Exercise description: The result should be the listing below restated word for word, with images left out.

____ Collected data

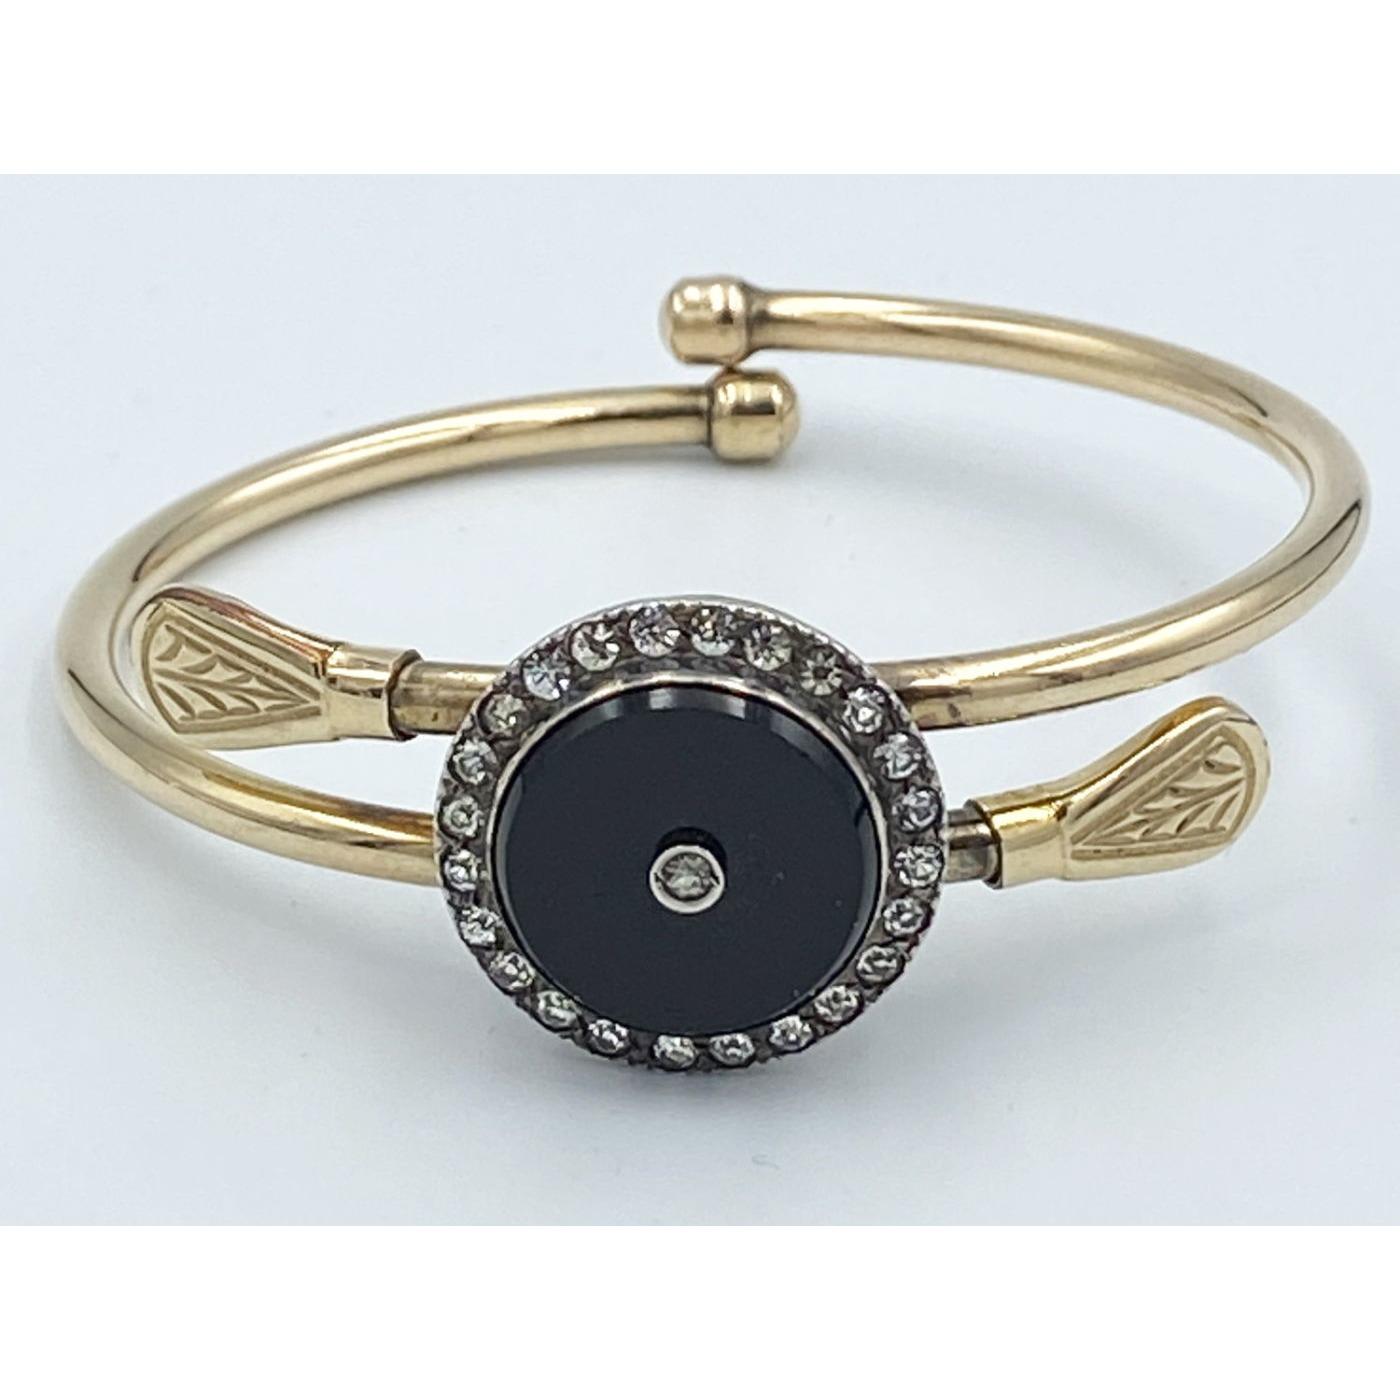 Central Black Stone Gold-filled Bypass Bracelet
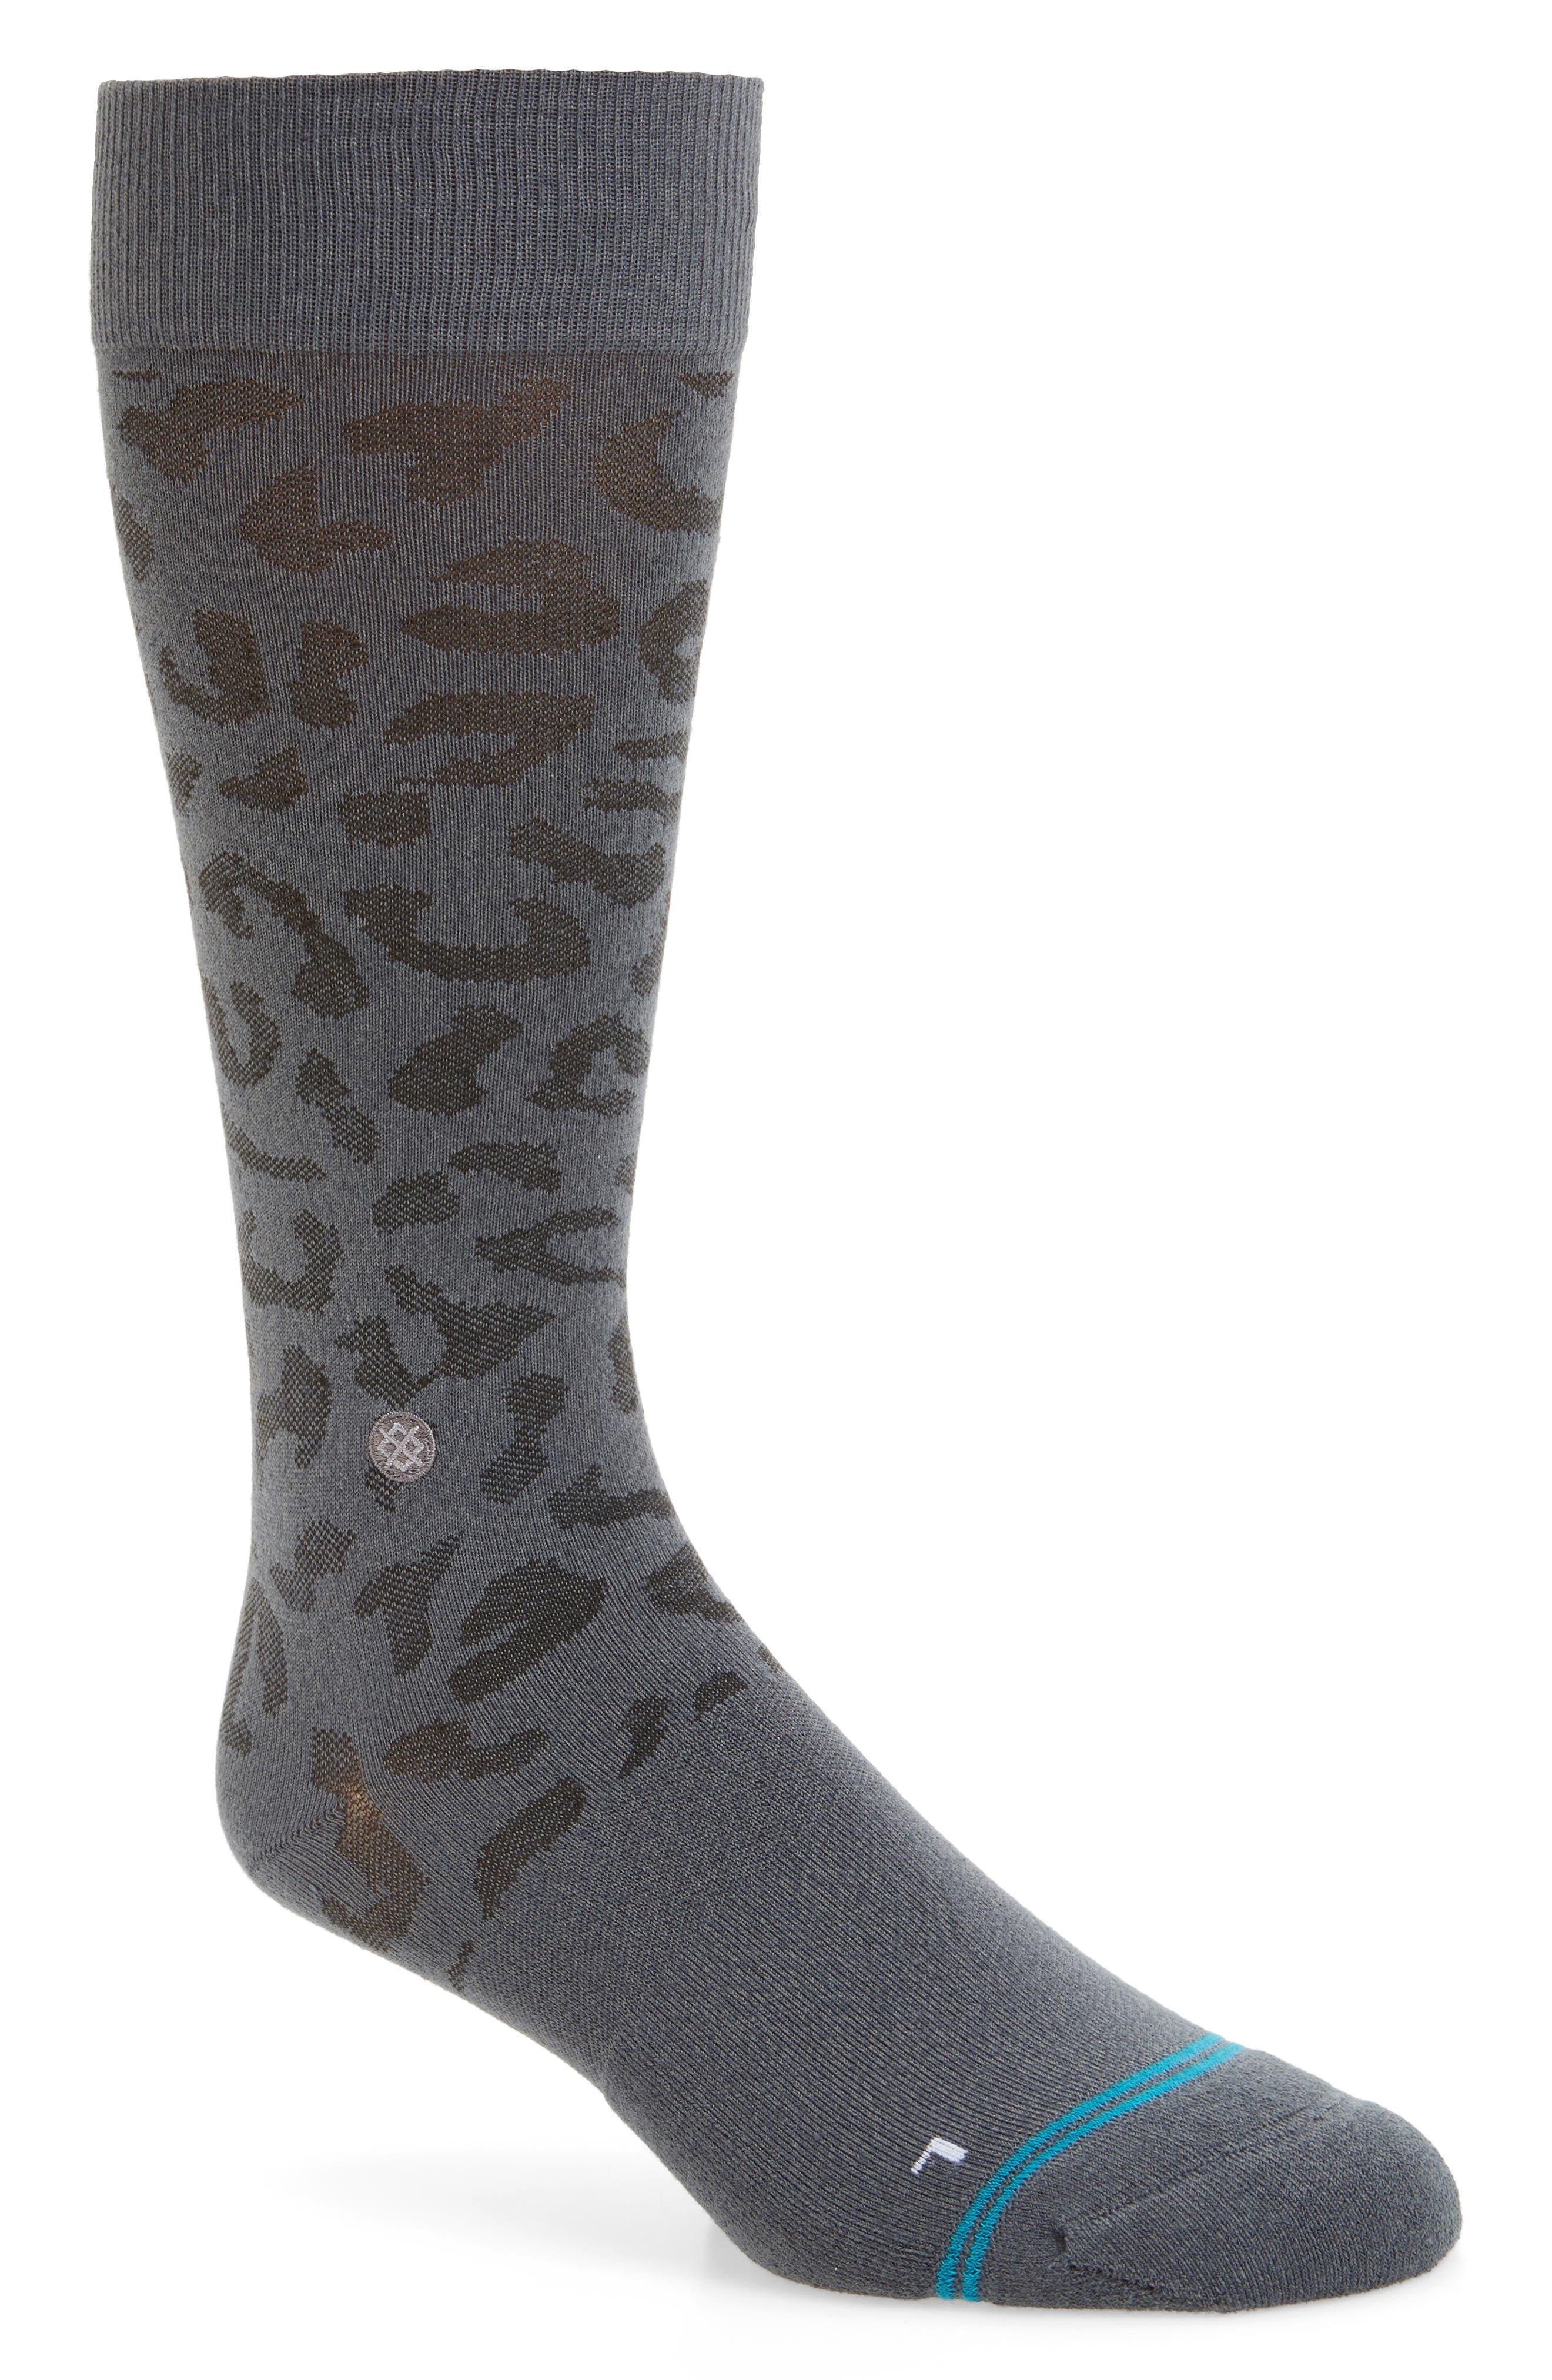 Okaes Socks,                         Main,                         color, 030
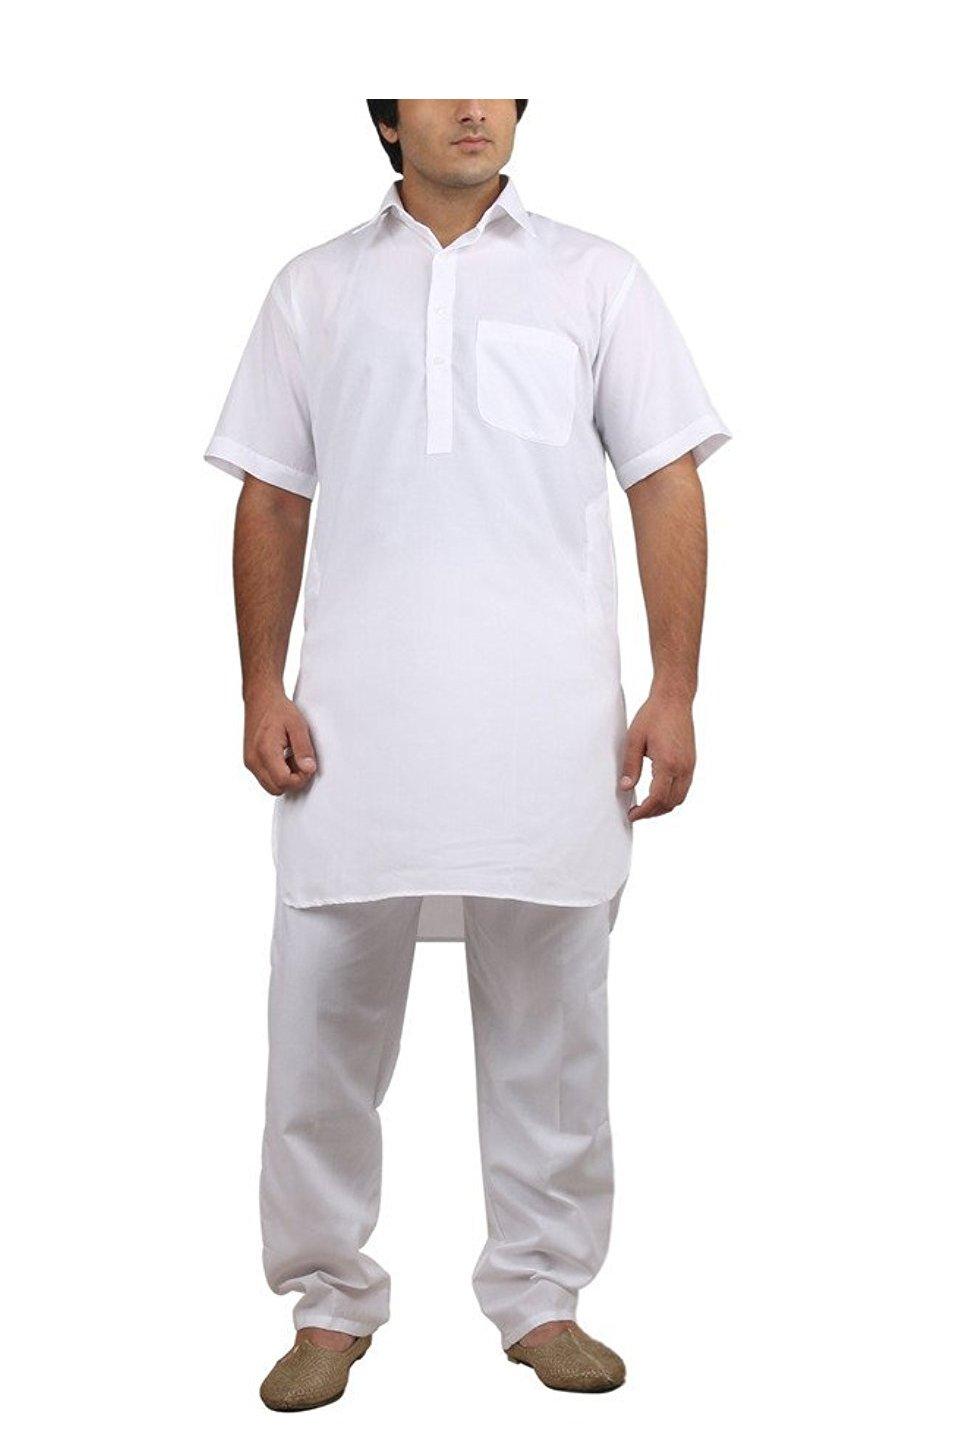 Royal Kurta Big Boy's Cotton Blended Fine Pathani Kurta Pyjama 42 White
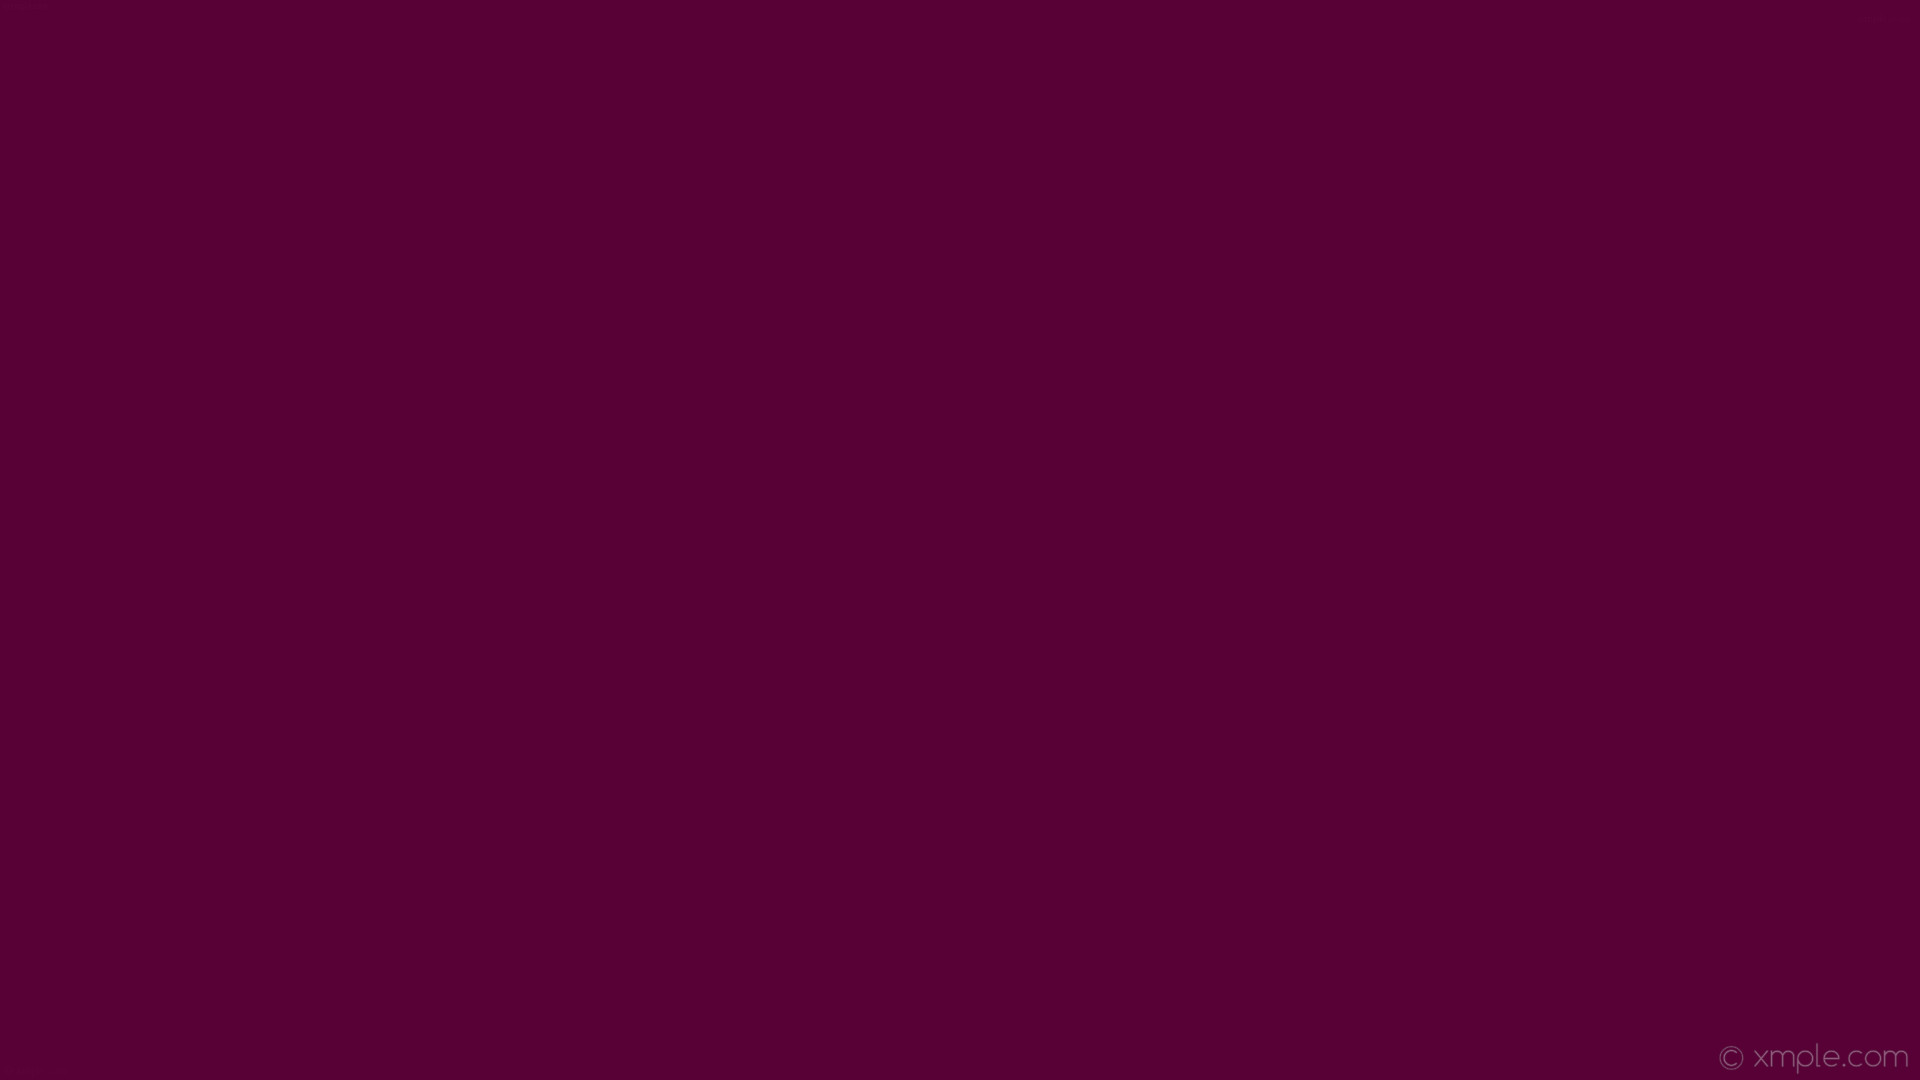 1920x1200 Neon Pink Color Wallpaper

________

Solution to this exercise:
 Central Black Stone Gold-filled Bypass Bracelet
 Okaes Socks,                         Main,                         color, 030
 Royal Kurta Big Boy's Cotton Blended Fine Pathani Kurta Pyjama 42 White
 1920x1200 Neon Pink Color Wallpaper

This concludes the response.